#### What is being asked:
From the first line to the last, set down the material exactly, leaving out its pictures.

======== Collected data ========

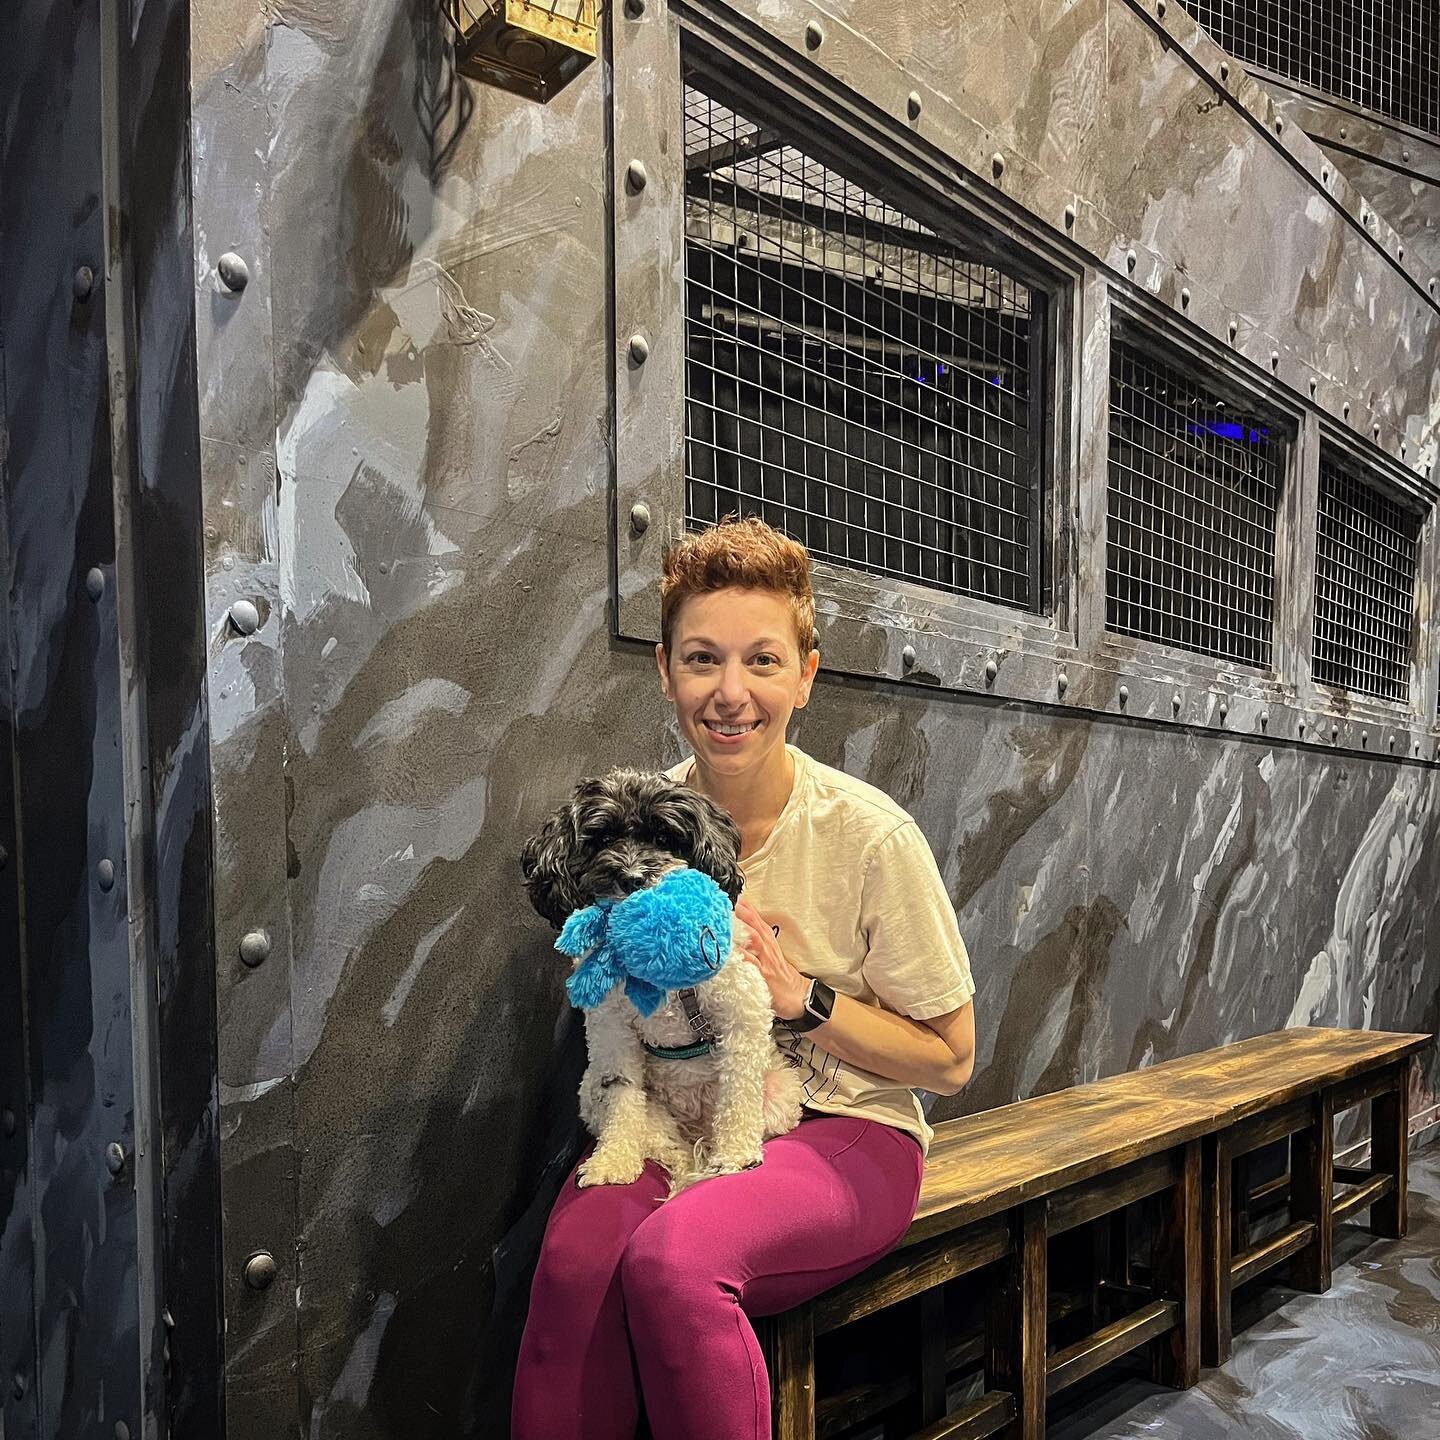 Bring your daughter to work day! @tink_rdoodle is the MOST popular pup on Fleet Street. 

📸: @sarnalisa 

#choreographer #broadwaydoodle #travelingpup #dogmom #doodlesofinstagram #cutedog #theaterdog

========

#### Result:
 Bring your daughter to work day! @tink_rdoodle is the MOST popular pup on Fleet Street. 

📸: @sarnalisa 

#choreographer #broadwaydoodle #travelingpup #dogmom #doodlesofinstagram #cutedog #theaterdog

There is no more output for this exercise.